Días marcados con X
Sabes que el confinamiento está haciéndote perder la razón cuando el servicio militar obligatorio empaña tus ojos de añoranza
La última vez que marqué los días con X fue en 1990, cuando hacía la mili en la base de submarinos de Cartagena y me llamaban El Mesías (“porque me quedan días”). Las ristras de X de mi calendario significaban que me hallaba a las puertas de la vida civil. El confinamiento de la covid-19 se parece a aquello solo en lo malo. En la mili estabas hacinado contra tu voluntad, junto a extraños, igual que ahora (¡es broma, familia!), pero al menos se veía un final diáfano. No existía la posibilidad del “repunte del contagio”, y por tanto dormías con menos congoja.
En resumidas cuentas: sabes que el confinamiento está haciéndote perder la razón cuando el servicio militar obligatorio empaña tus ojos de añoranza.
Antes dije que marco los días con X, pero en realidad las grafitean mis hijos, triscando con fecunda alegría, como straight edges en pleno subidón de gaseosas. Para ellos esto es raro y divertido, pero resulta que yo soy escritor. Ya hacía esto. Era mi “hábito de arte”, como decía Flannery O’Connor.
Ahora el único hábito que mantengo es esperar a que se abra la puerta de mi despacho y aparezca un jeto amigable (o autoritario) invitándome a zumba, Zelda, kung-fu, cineclub balcánico o vermut en el terrado (a lo último me apunto, si insistís). El arte se fue al carajo en algún punto de la segunda semana. Y, sin embargo, la situación actual me resulta fascinante. Crecí con El día de los trífidos.
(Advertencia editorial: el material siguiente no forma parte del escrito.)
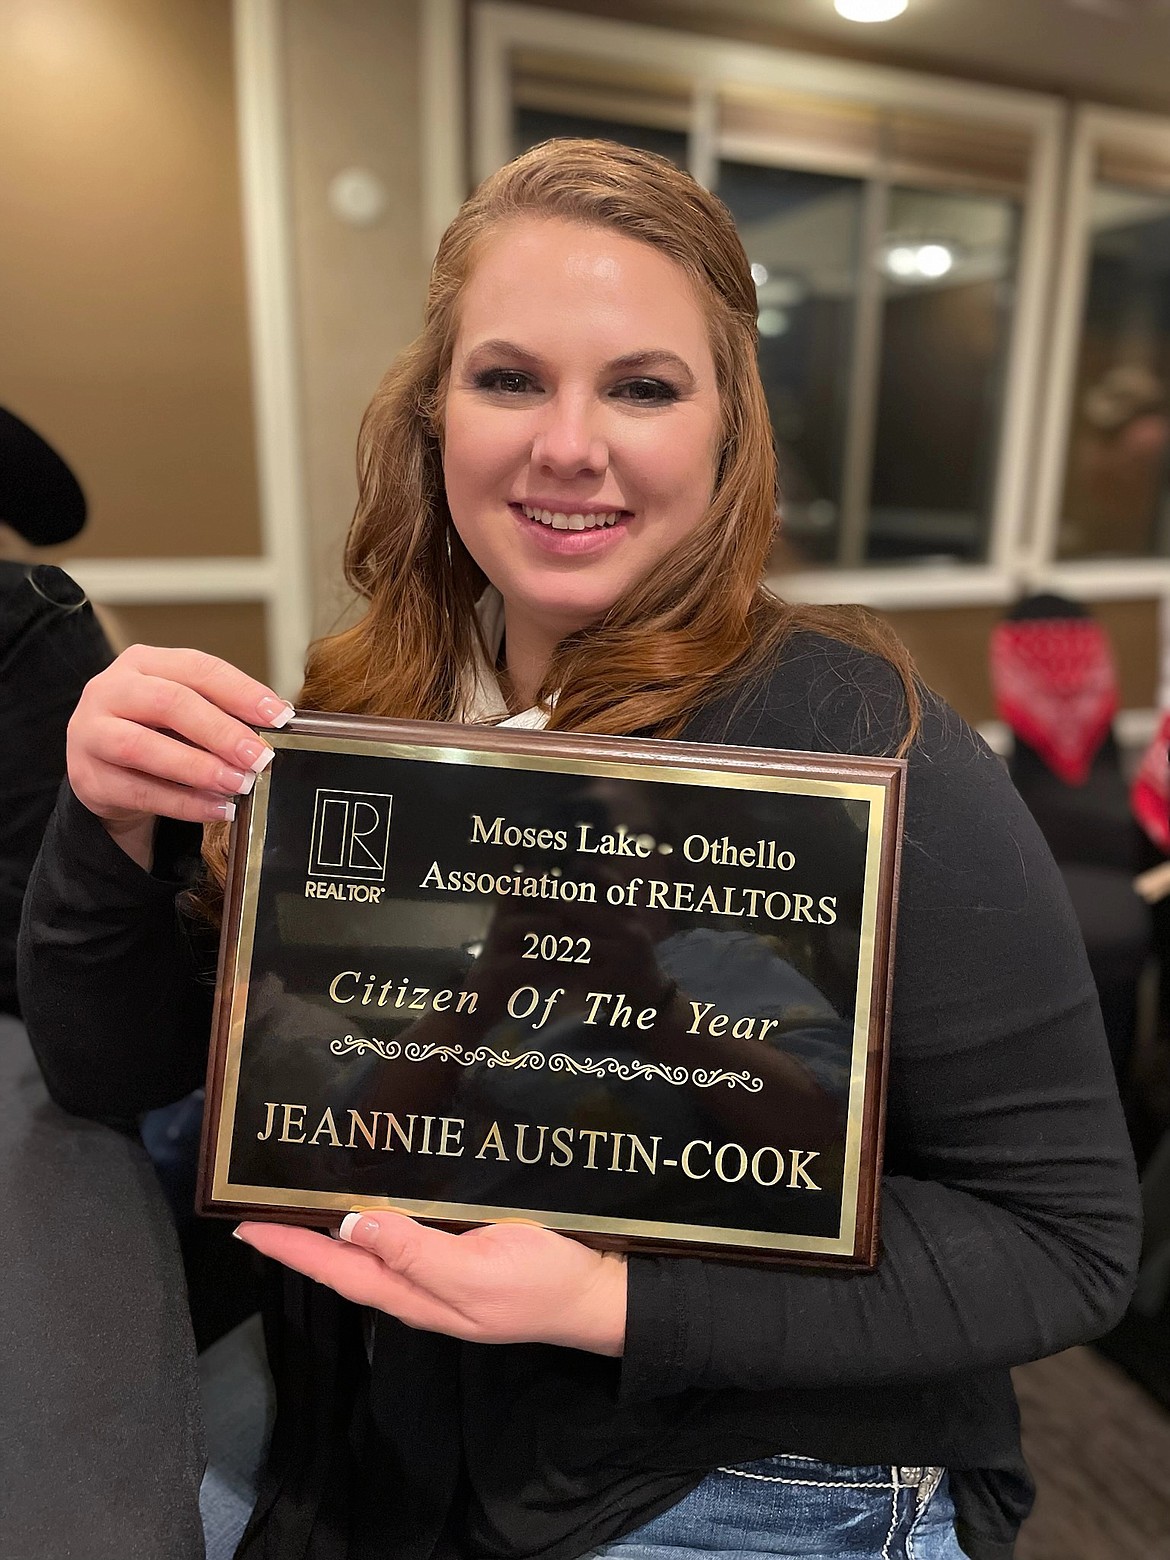 Jeannie Austin-Cook stops for a photo with her plaque recognizing her for her work in the community. She was nominated for the award by Allison May of Better Homes and Gardens Gary Mann Real Estate in Moses Lake.

De niño solo podía conciliar el sueño si me imaginaba flotando por el cosmos en una cápsula individual. El paisaje de los cuentos que escribía era un planeta de calles vacías.
No estoy diciendo que disfrute del escenario presente. Estoy diciendo que me resulta familiar, y lo familiar, por asqueroso que sea, siempre conserva una cierta mullidez.
A mi padre también le encantaban los sitios angostos y el confinamiento solitario, pero dejaron de encantarle de repente, cuando pilló el coronavirus y nos prohibieron verle. Estuvo ingresado varias semanas en el hospital de Sant Boi. El día que le dieron el alta fui a recogerle, y me lo encontré ya en la puerta, en silla de ruedas, junto a una enfermera enmascarada. Mi padre, que de joven arrastraba a jugadores contrarios por el fango, había perdido peso y llevaba barba de días. Le vi débil. Salí del coche y me acerqué a él y no podíamos abrazarnos, así que nos saludamos con golpes de mentón, como ingleses. La enfermera me lo entregó y lo empujé hacia el coche. Olía a sudor y ropa sin lavar. Su expresión era de cansancio, fastidio y tristeza, como si esta vez le hubiesen derrotado, aunque no era así; el virus no pudo con su robusto andamio de exrugbista.
Déjame un momento al sol, me dijo, poniéndose en pie. Le dejé allí mientras yo iba abriendo el maletero. Mi padre observó algo a mi espalda, rió y negó con la cabeza. Me volví. En la tapia de ladrillos rojos del cementerio vecino, junto a los nichos visibles, enfocada hacia las ventanas del hospital, colgaba una pancarta enorme donde se podía leer: Todo va a salir bien. NO ESTÁIS SOLOS.
Kiko Amat es escritor y periodista, su última novela es Antes del huracán (Anagrama 2018).